Безумный корабль - Робин Хобб
Шрифт:
Интервал:
Закладка:
— То она моряк, то возчица! Во девку Грэйг обротал! А сколько денег сбережет — нанимать-то никого не понадобится… — прокричали в толпе. Кто-то одобрительно заулюлюкал. Альтия смотрела вперед, вскинув подбородок. Она легонько шлепнула коней вожжами, и они пошли рысью. Наверняка они знали дорогу домой; небось не ошибутся даже в сгущающейся темноте…
В том, что сама она отныне знает дорогу домой, Альтия весьма сомневалась…
ГЛАВА 19
СВИСТАТЬ ВСЕХ НАВЕРХ!
— Приехали, Давад. Вылезай!
Дверца кареты застряла, но Давад даже не пытался открыть ее. Альтия в потемках едва различала бледное пятно его лица. Он съежился в углу сиденья, плотно зажмурившись. Альтия уперлась ногой в корпус кареты и что было сил рванула дверцу на себя. Та поддалась, и девушка едва устояла. Но даже и свались она наземь — некогда нарядному платью уже, как говорится, нечего было терять. Оно насквозь провоняло навозом и кровью и вдобавок промокло от пота.

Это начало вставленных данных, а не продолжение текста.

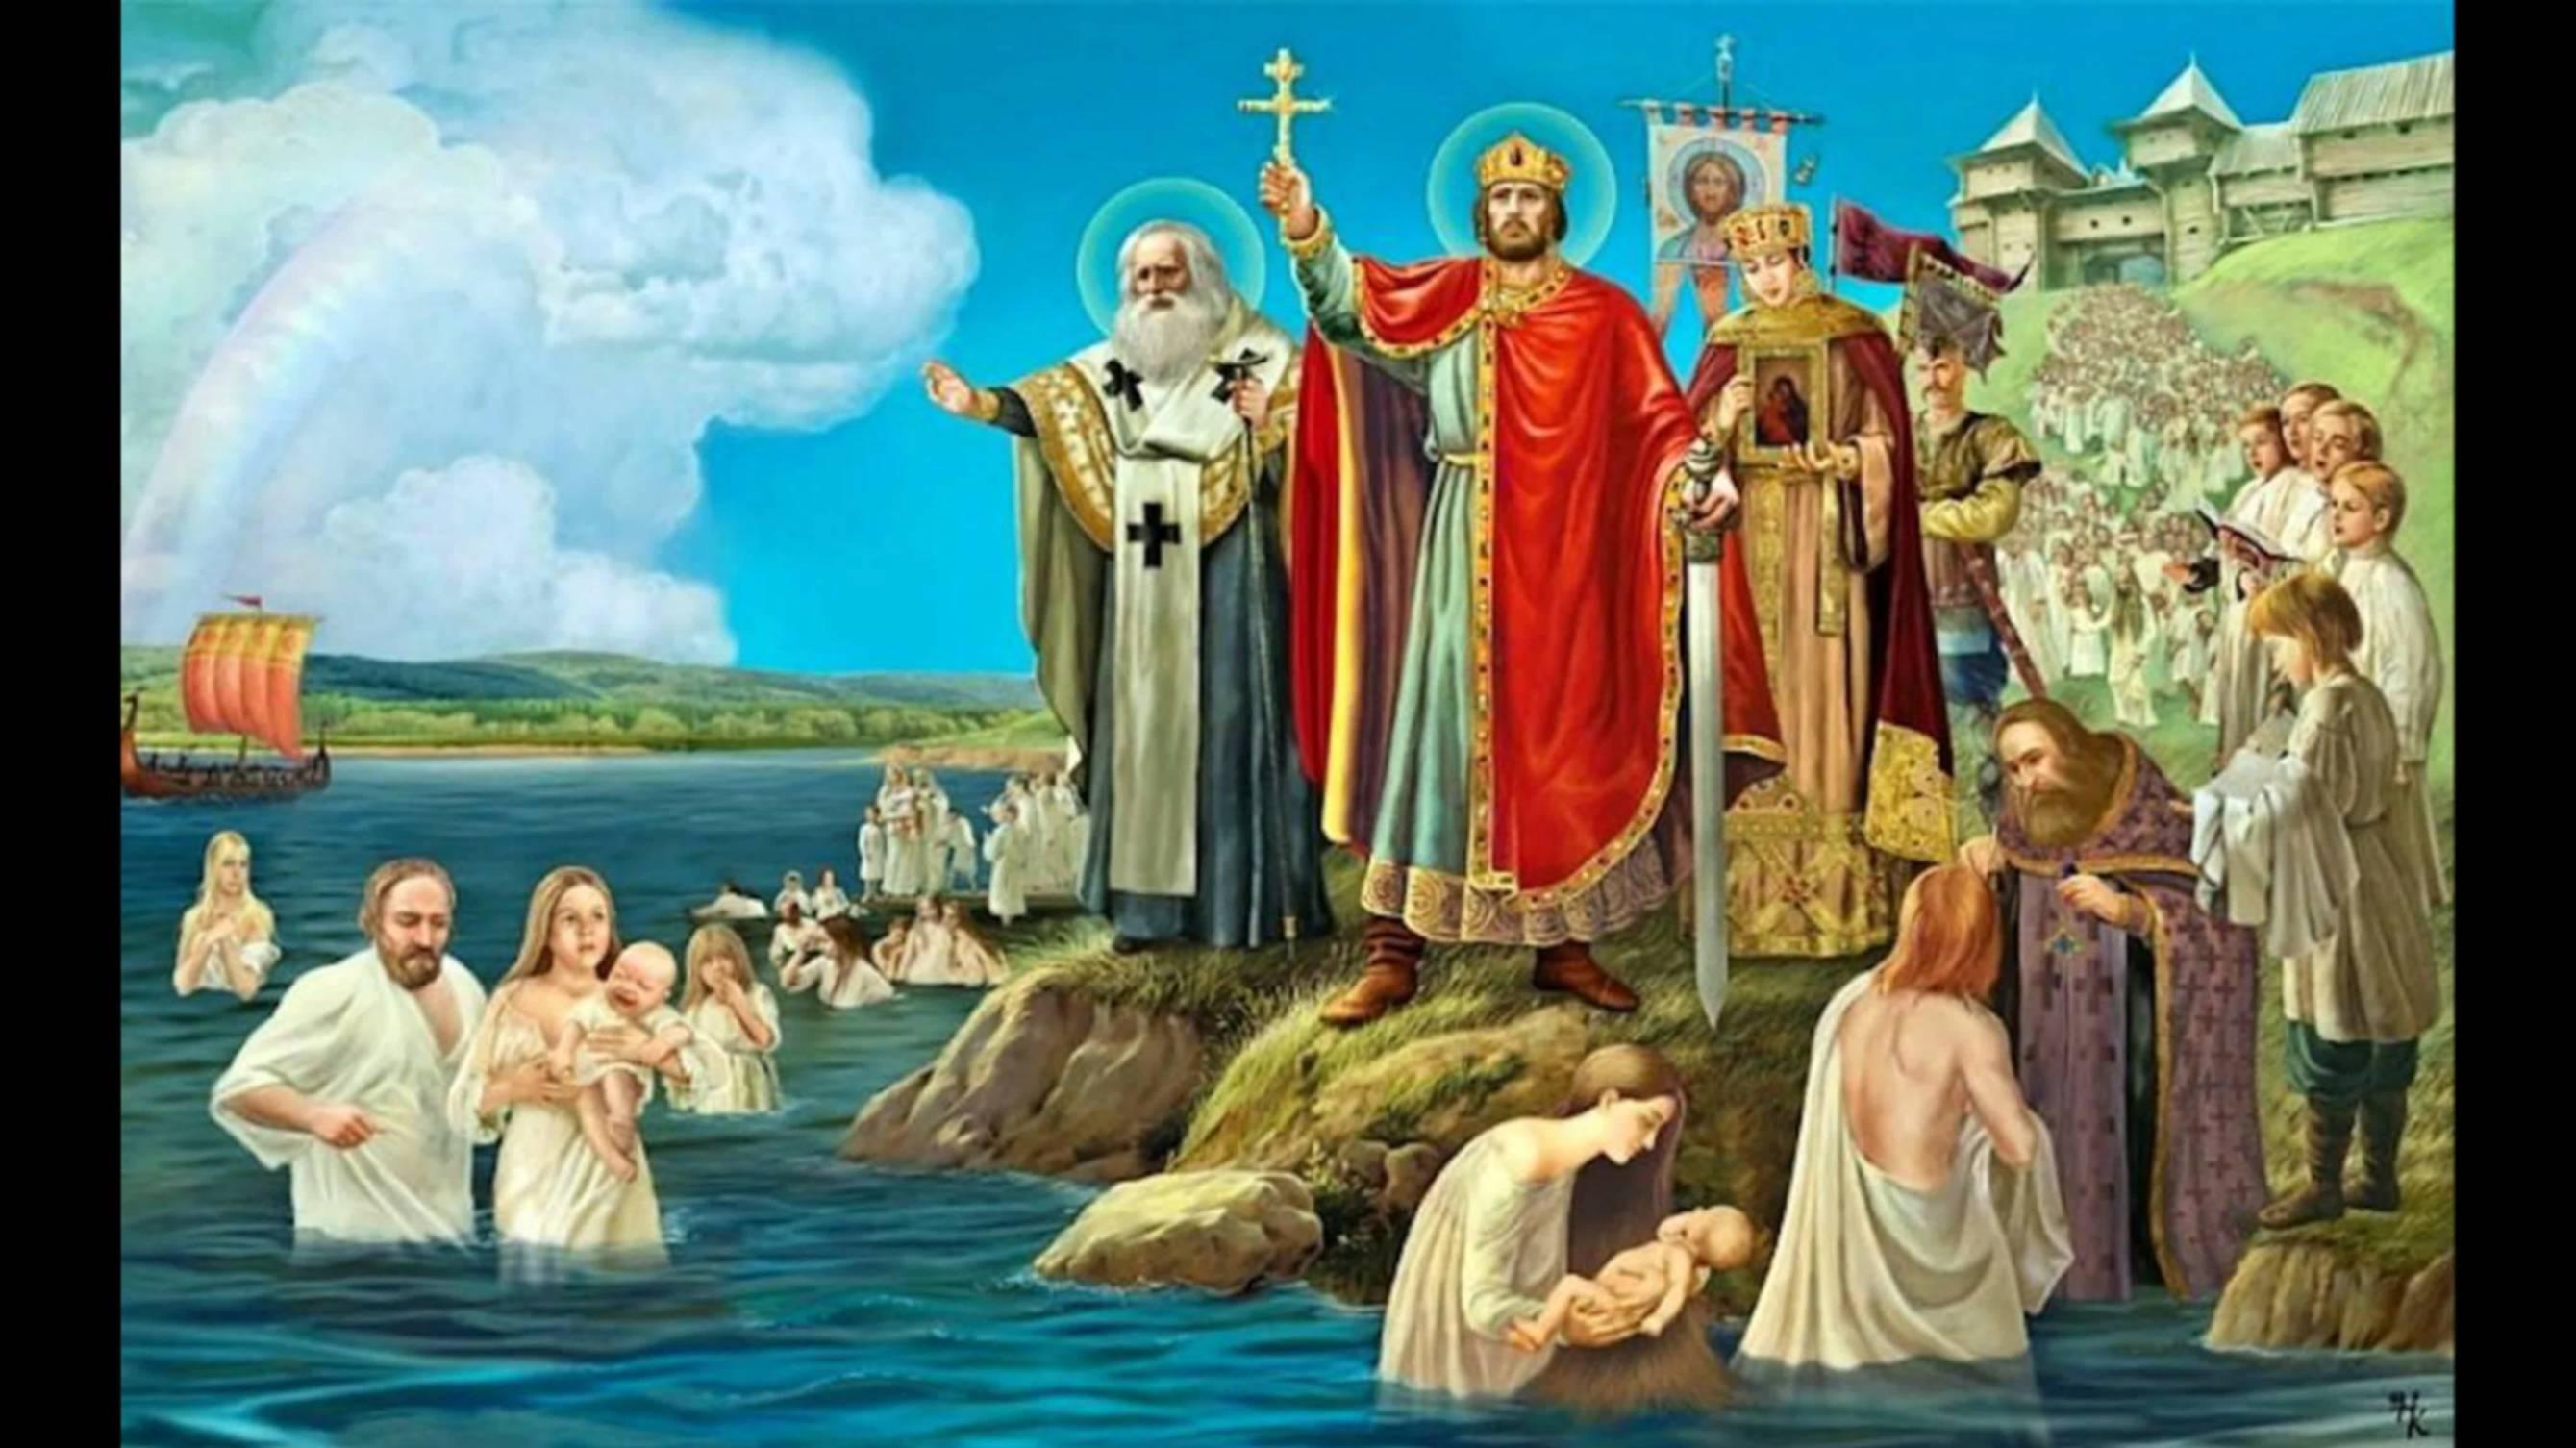 Где началось крещение руси. Крещение князя Владимира. 988 Год крещение Руси князем Владимиром.

Езда в качестве кучера далась Альтии непросто. Она только и ждала, что вот сейчас из-за ее неопытности карета сойдет с проезжей дороги и перевернется. Или налетят откуда-нибудь враги Давада, решившие не ограничиваться угрозами. Но вот наконец они добрались до парадных дверей его дома, и что же? Навстречу им не поспешил ни дворецкий, ни даже мальчишка-конюх. Кое-где в окнах дома горел, правда, свет, но с таким же успехом жилище Давада могло бы стоять и вовсе пустым. Нигде ни души — лишь тускло мерцал у двери фонарь…
Альтия недовольно спросила:
— Как звать твоего конюха?
Давад смотрел на нее, точно с того света:
— Я… я не знаю. Я с ним никогда не разговариваю…
— Ну, замечательно, — сказала Альтия. Откинула голову — и взревела в лучших традициях своей службы старпомом: — Мальчик! Живо сюда, возьми коней!.. Дворецкий, где тебя нелегкая носит?! Хозяин вернулся!!!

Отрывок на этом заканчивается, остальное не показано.